Арриэтта вышла на тускло освещенную площадку. Всюду была пыль, лежали тени, точно она попала за кулисы в театре (только Арриэтта не могла об этом знать). Она заметила, что лестница спущена — знак, что кто-то вышел из дому, однако сейчас вернее было сказать «ушел». «Бедный Спиллер… Одиночка… — так назвали его. Может быть, — подумала Арриэтта, — и я такая?» — и ей стало жаль не только Спиллера, но и себя.
Внизу, на дне пропасти под ее ногами, Арриэтта заметила тусклый свет. С каждой минутой он сильнее и сильнее манил ее к себе. Арриэтта взялась руками за лестницу и поставила ногу на новую перекладину. Сердце гулко билось у нее в груди. «Если я не сделаю этого сейчас, — с отчаянием думала она, — в этот первый вечер, возможно, в будущем я никогда больше не отважусь. В доме тети Люпи слишком много правил, слишком много народа, в комнатах темно и тепло. Возможно, это чем-нибудь вознаграждается, — думала Арриэтта, в то время как она, перекладина за перекладиной, спускалась вниз, не в силах унять дрожь в коленях, — но я должна сама найти, чем».
Вскоре Арриэтта уже стояла в пыльной прихожей.

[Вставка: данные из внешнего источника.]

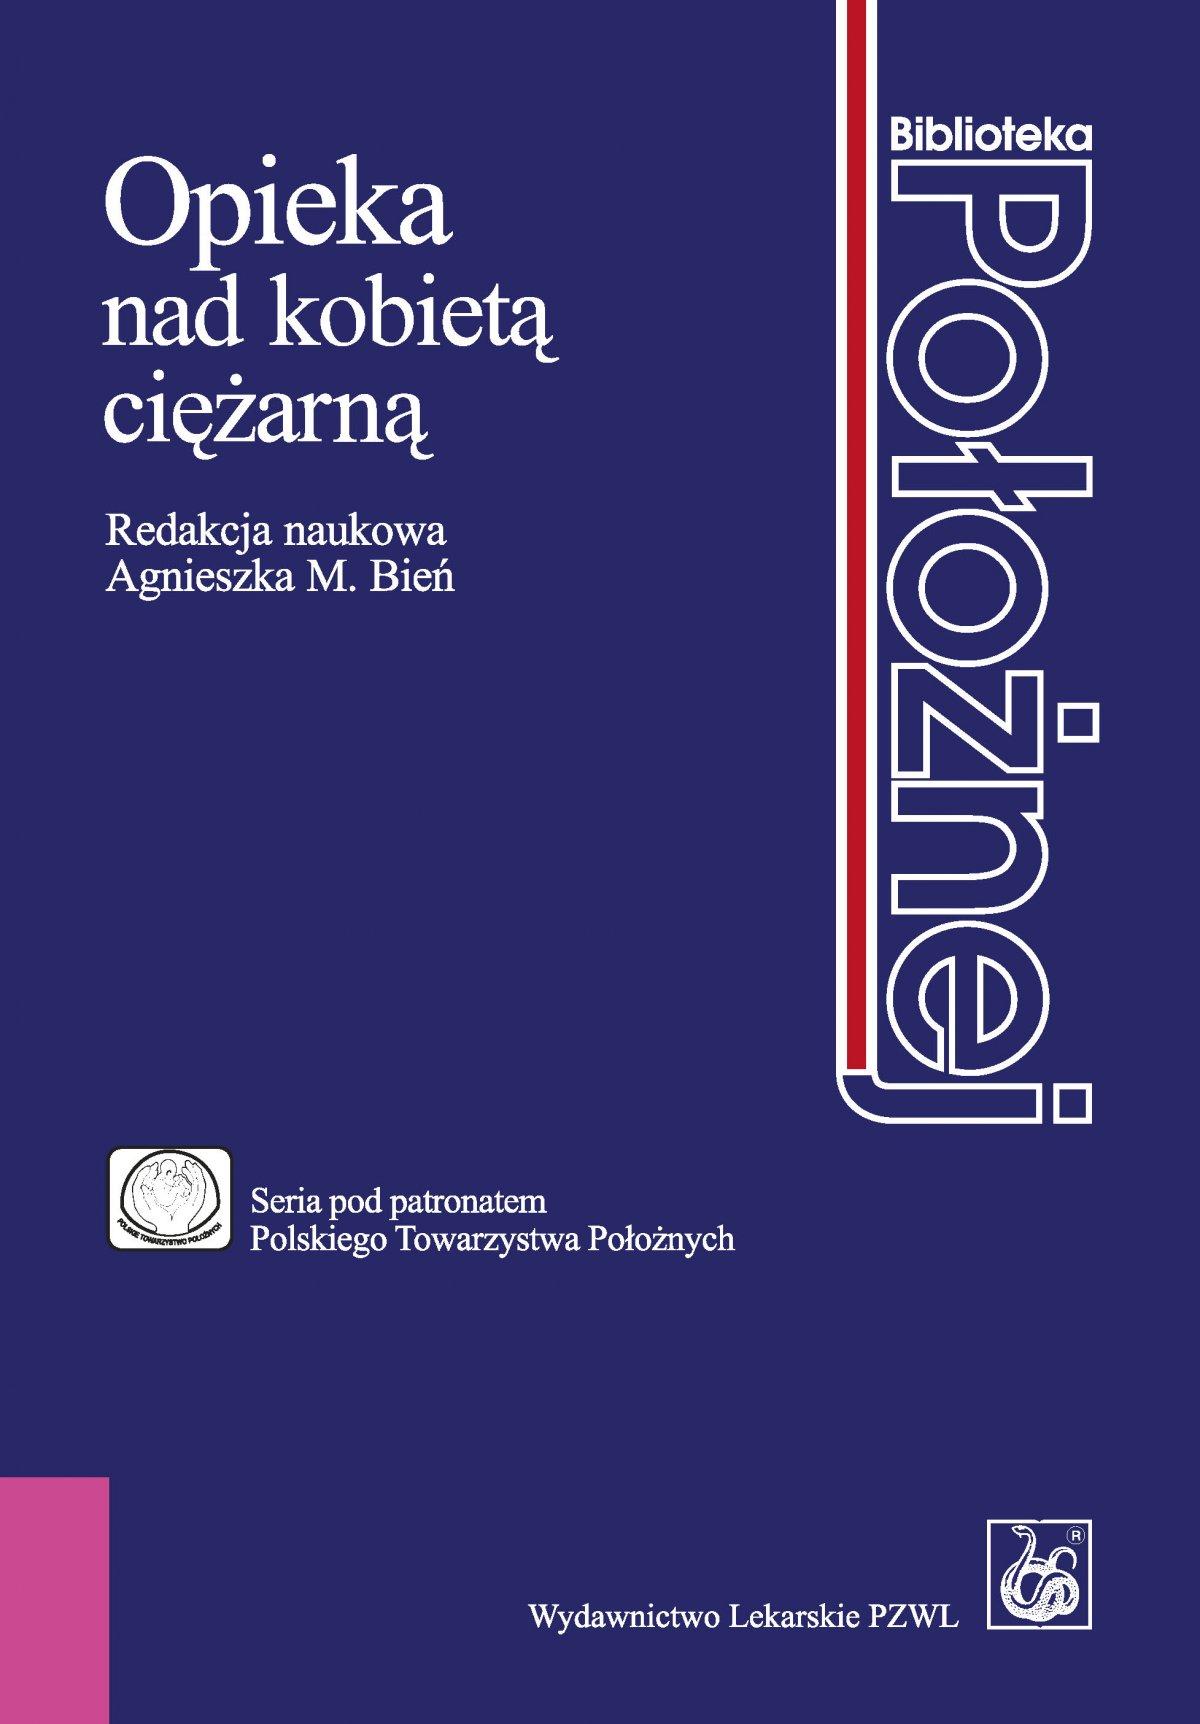 Opieka nad kobietą ciężarną… - Ebook (Książka na Kindle) do pobrania w formacie MOBI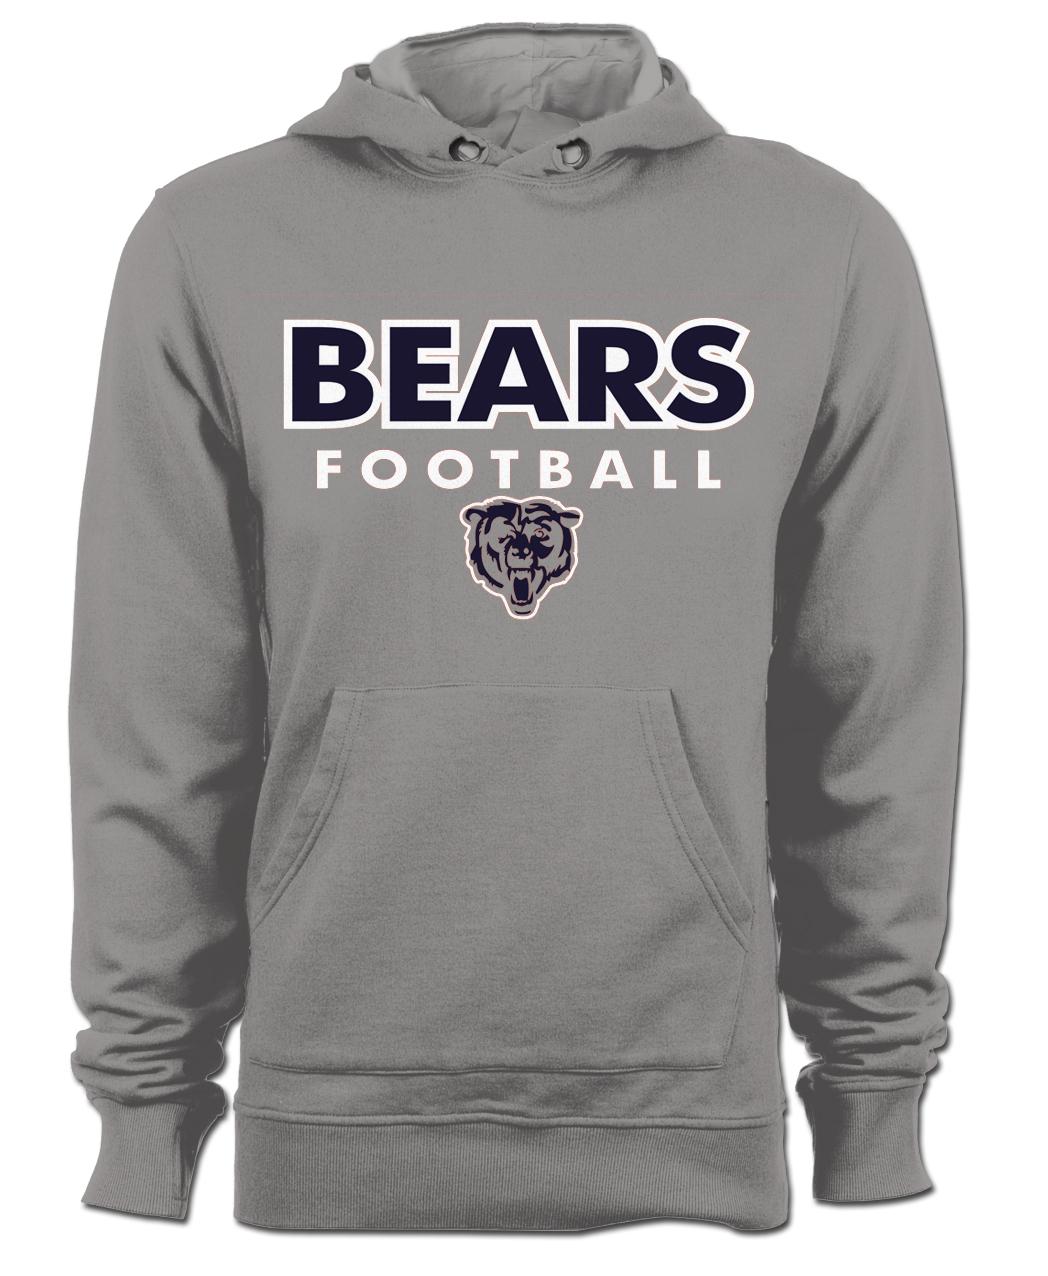 Bears Hoodie 2017 - Gray

Она оглянулась по сторонам, затем с замиранием сердца посмотрела наверх. Увидела очертания первых ступенек стремянки на светлом фоне и неровный край площадки. У нее вдруг закружилась голова, стало страшно: вдруг, не зная, что она внизу, кто-нибудь из них втащит стремянку наверх?
Теперь она видела, что тусклый свет идет из дыры в деревянной панели. Дровяной ларь почему-то не был придвинут вплотную к стене, там могло быть для нее достаточно места. Вот бы еще разок взглянуть на комнату, где несколько часов назад Том поставил их на пол… познакомиться, пусть мимолетно, с этим человечьим обиталищем, которое теперь будет составлять для нее весь мир.
Арриэтта подкралась к сводчатому отверстию. Кругом была тишина. Дровяной ларь не доходил до стены на полтора дюйма. Такой крошке, как она, ничего не стоит выскользнуть наружу и протиснуться между стеной ларя и деревянной панелью. Конечно, это страшновато: вдруг кто-нибудь из человеков решит поставить ларь на место и придвинет его вплотную к стене. «Меня тут же раздавят, — подумала Арриэтта, — и когда-нибудь, много лет спустя, найдут, прилипшую к стене, как диковинный, засушенный между листами книги цветок». Поэтому она почти бежала по узкому проходу и, добравшись до угла ларя, сделала шаг наружу на каменную плиту перед очагом.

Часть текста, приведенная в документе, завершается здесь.